┌──

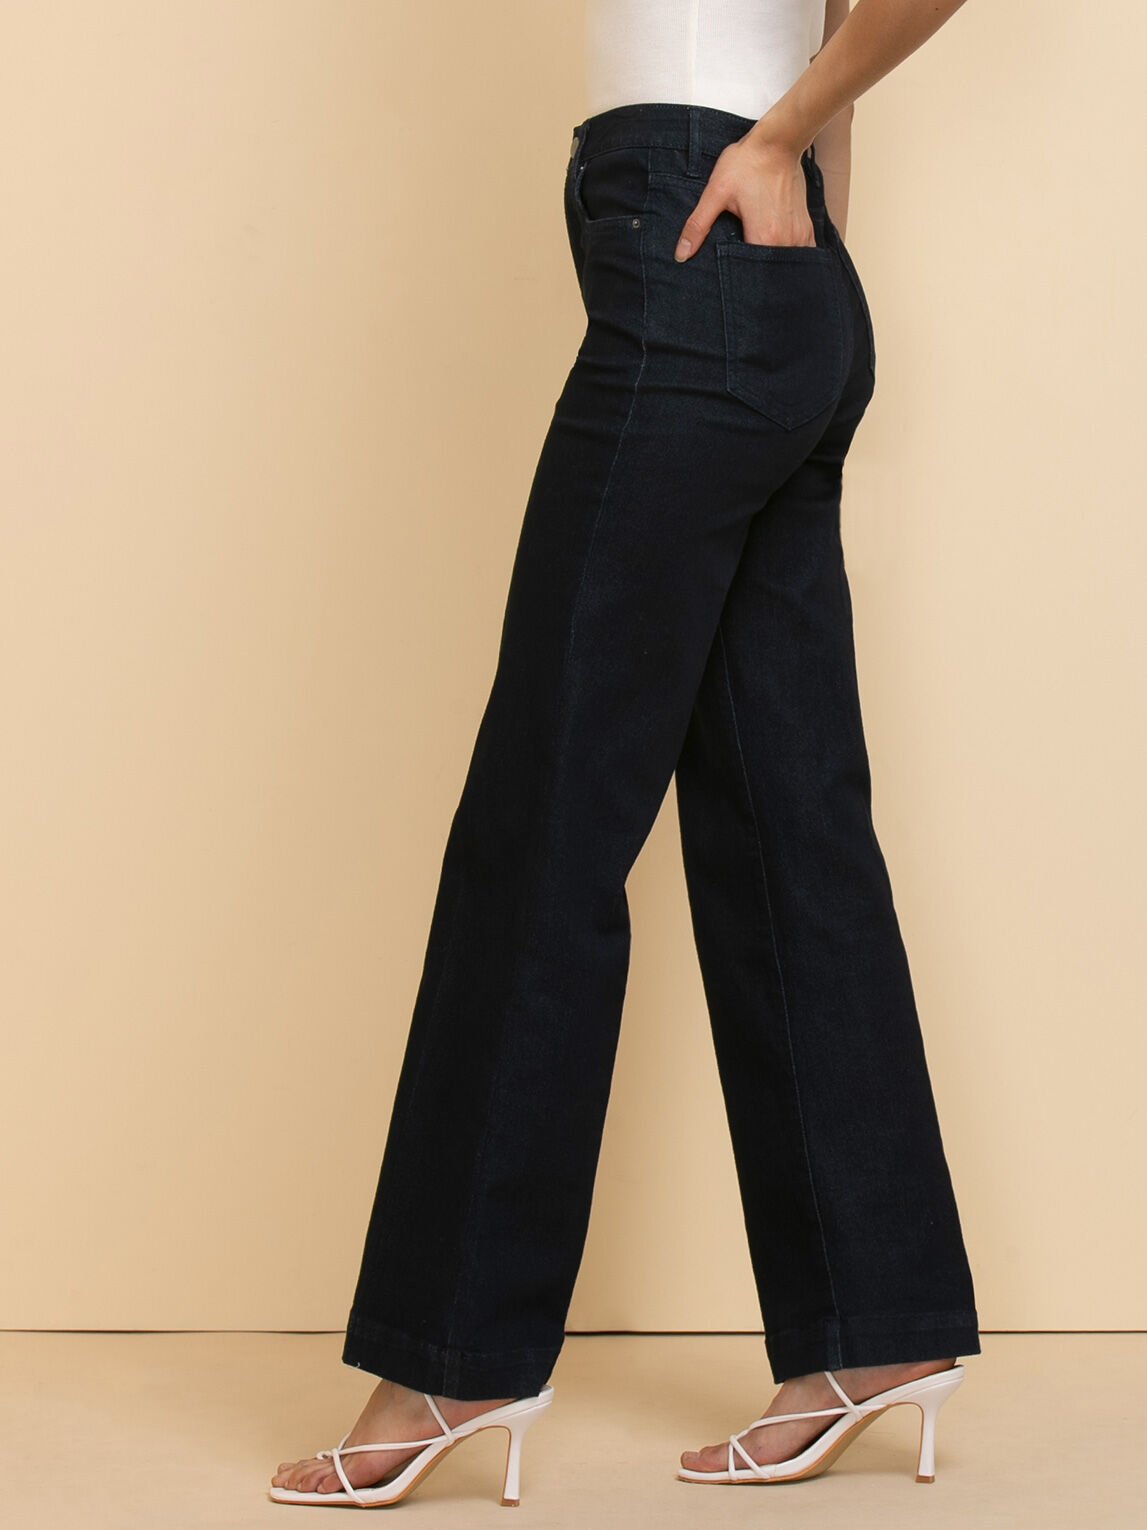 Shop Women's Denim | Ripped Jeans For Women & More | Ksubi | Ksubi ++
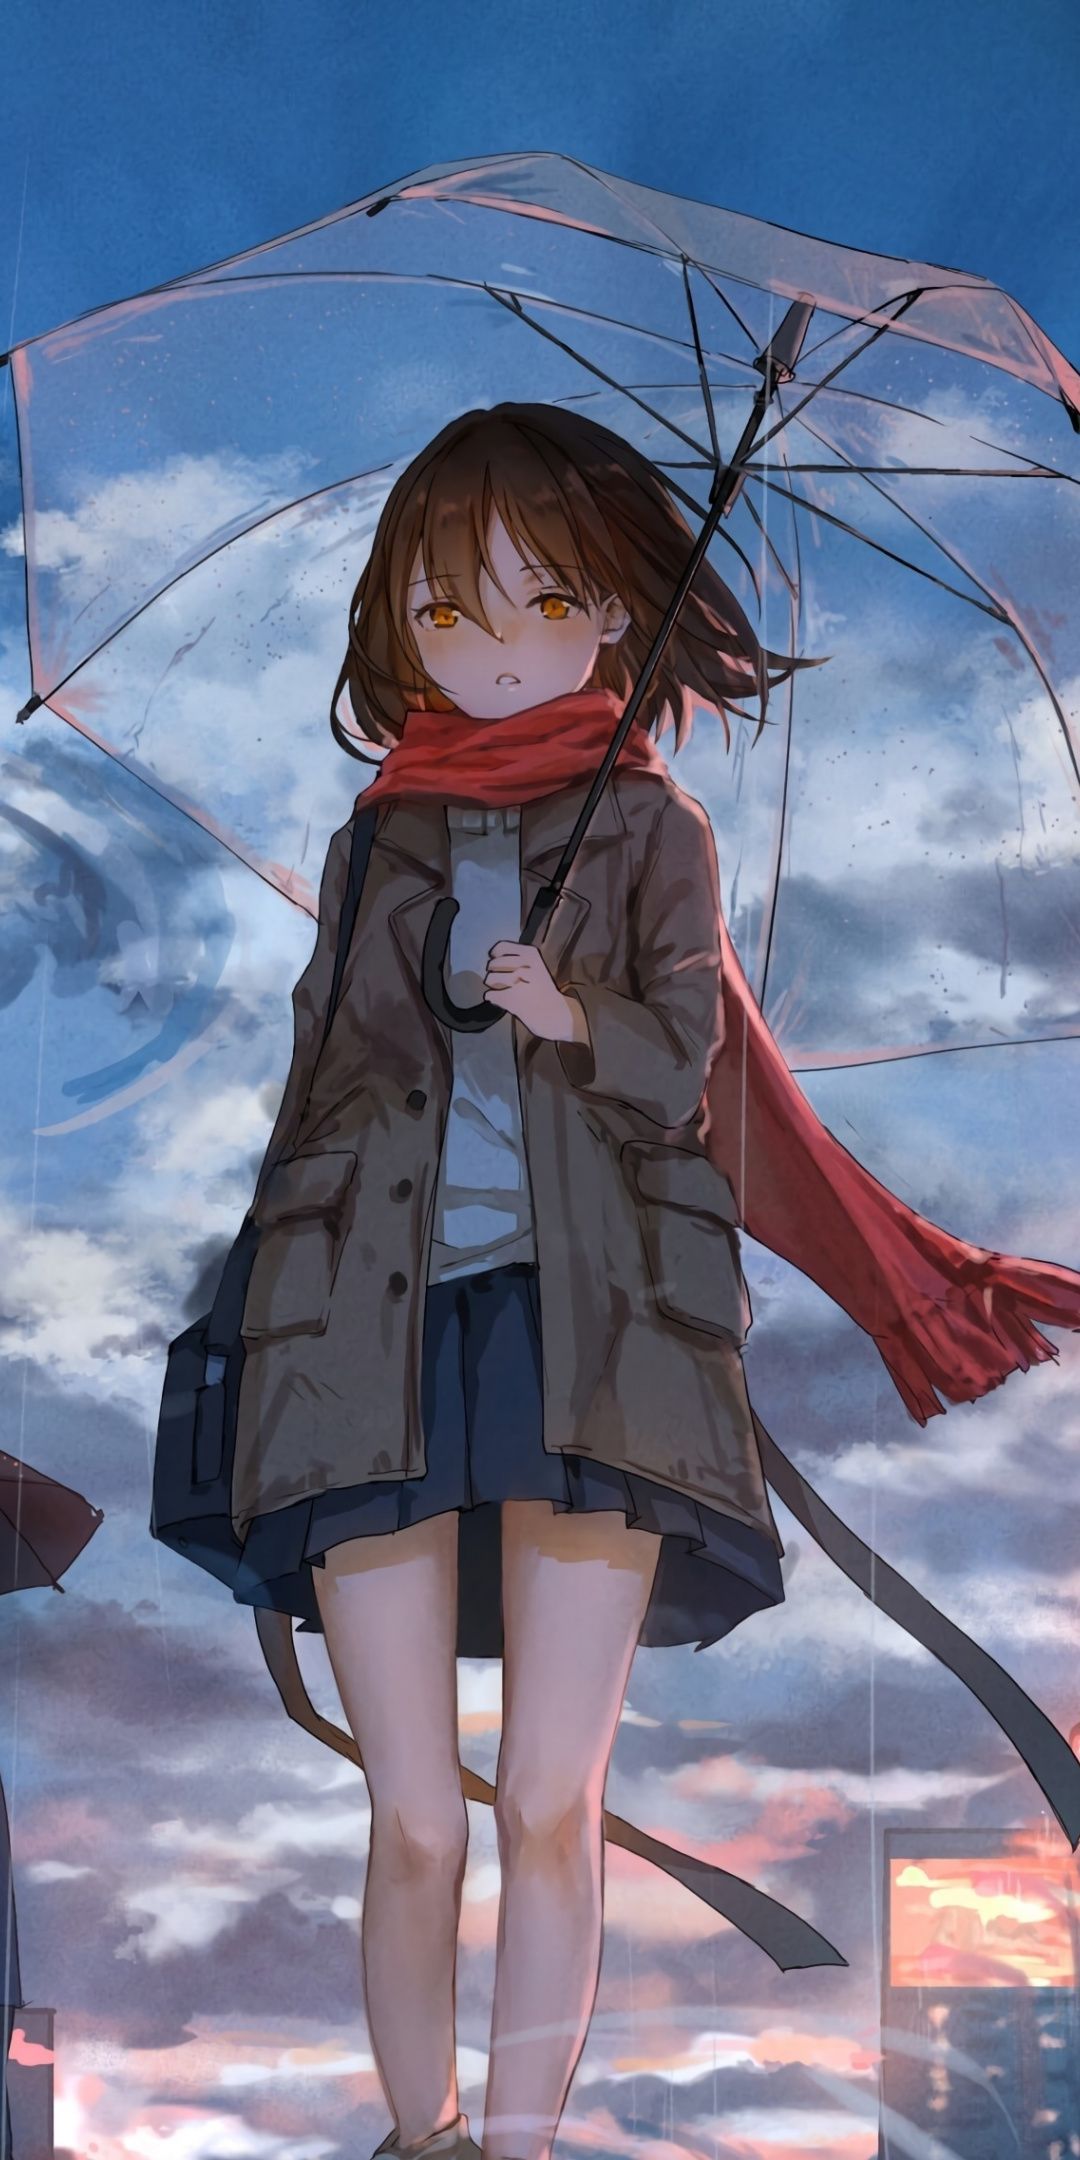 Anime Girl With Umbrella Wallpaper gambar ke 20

└──
┌──

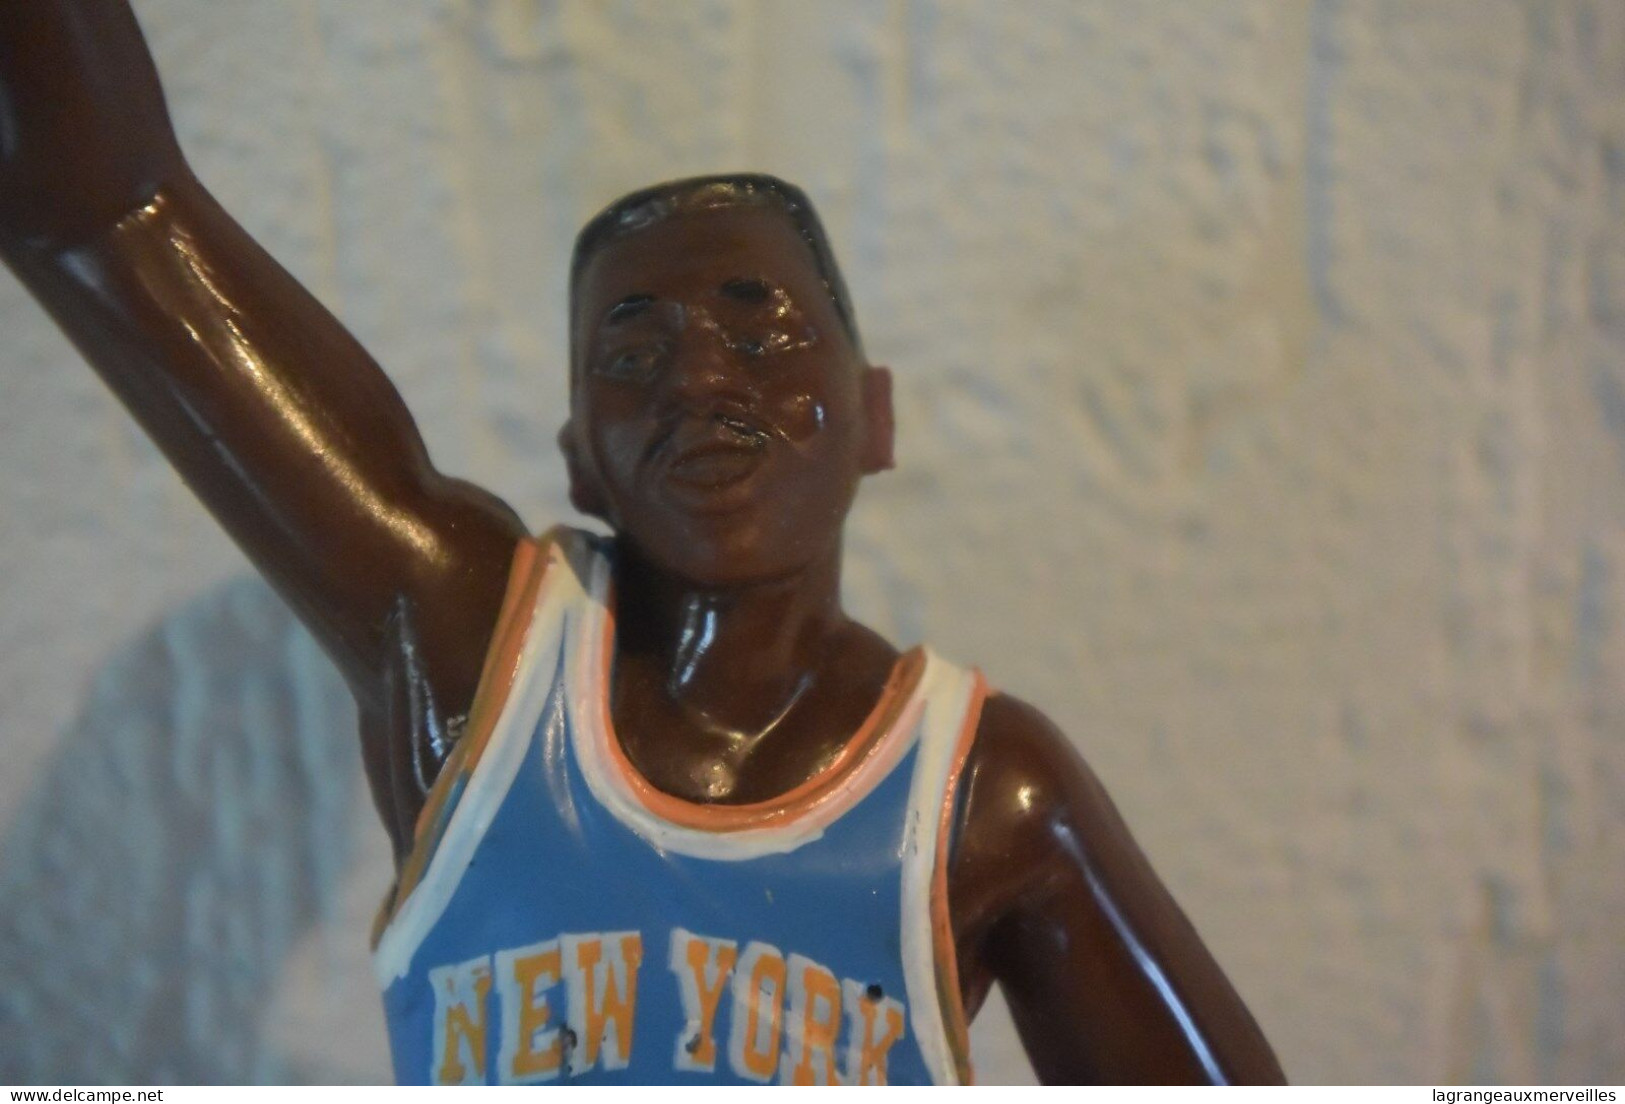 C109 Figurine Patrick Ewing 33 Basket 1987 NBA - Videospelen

└──

» EXERCISE DESCRIPTION: Find where the line with "Shop Women's Denim" sits in the material above and where the line with "Anime Girl With" sits. Set down exactly the lines from the first to the second, both included and nothing else, without pictures.

» RESPONSE TO THE TASK:
 Shop Women's Denim | Ripped Jeans For Women & More | Ksubi | Ksubi ++
 Anime Girl With Umbrella Wallpaper gambar ke 20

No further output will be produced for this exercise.